There are a multitude of scholarly books and monographs written by Franklin College faculty each year and one of the things we’d like to do on the blog is talk with some of these scholar/authors and learn a little more about their new works, which are such a big part of their research.
Chloe Wigston Smith is an assistant professor in the department of English who specializes in the literature and culture of the eighteenth century. She is the author of Women, Work, and Clothes in the Eighteenth Century (Cambridge University Press, August 2013). The book was recently shortlisted for the Milia Davenport Publication Award (Costume Society of America), a prestigious national award. Wigston Smith and I recently had for a short conversation about the book.
Franklin Chronicles: Your book explores novels that engage the representation of women’s work with clothing and material culture. What do you mean by material culture?
Chloe Wigston Smith: I’m interested in novels that represent women’s labor. Much of women’s work in the 18th century was associated with clothing, whether or not women were seamstresses, milliners, laundresses. So if you were an actress on the stage, your profession was connected to dress – the stage costuming that you wore, for example. Let’s say you were involved in more illicit activities, such as shoplifting or pocket picking, most of the objects that you were stealing were clothing items or accessories. Clothes were extremely expensive in the period – the materials that were used to make clothes were very valuable and they were seen as moveable goods. Wills in the 18th century commonly included clothing, jewelry, watches and accessories. So it’s quite different from the way most of us think of clothes today. In general, 18th century people owned fewer items and dress was viewed as less expendable and mass-market.
My book looks at women’s labor in novels, as well as the perceptions of their labor, fashions, and bodies.
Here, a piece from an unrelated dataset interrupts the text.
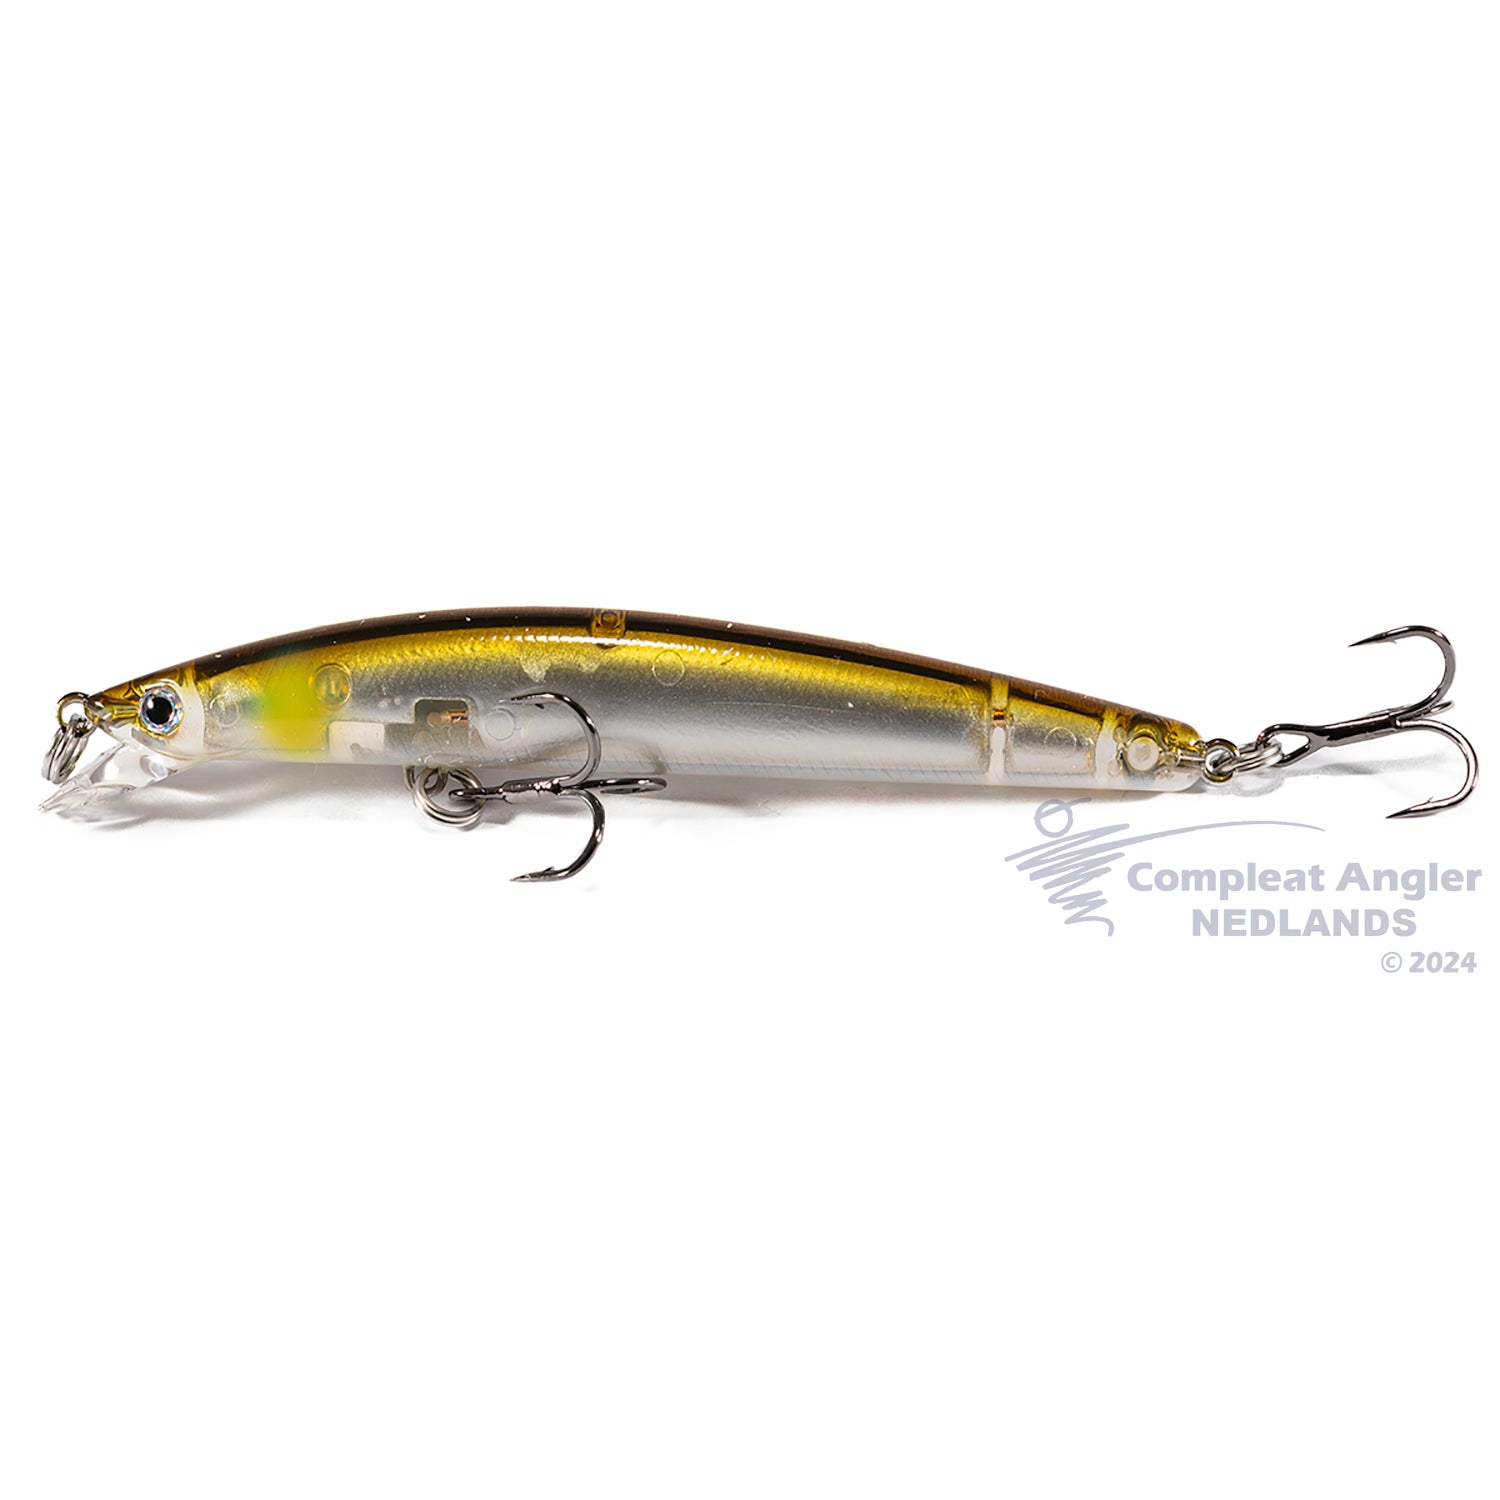 Back in action Dam Buster - LURELOVERS Australian Fishing Lure Community

The novels represent a more progressive vision of the possibilities of women’s work in the eighteenth century, that I see as being distinctive from perceptions of clothing and women’s sexuality that circulated in the culture at large, as reflected in non-fiction writing, in trade debates, in court trials and testimony, in visual culture, and other genres in the period.
FC: So this material culture and the novels you discuss are all British?
CWS: Yes. I’m interested in the works of widely known authors like Jonathan Swift, Daniel Defoe, Samuel Richardson, and Henry Fielding, as well as writers like Eliza Haywood, Charlotte Lennox, John Cleland, Frances Burney and Mary Robinson. It groups together respectable novels about moral heroines with racier tales of seduction and crime.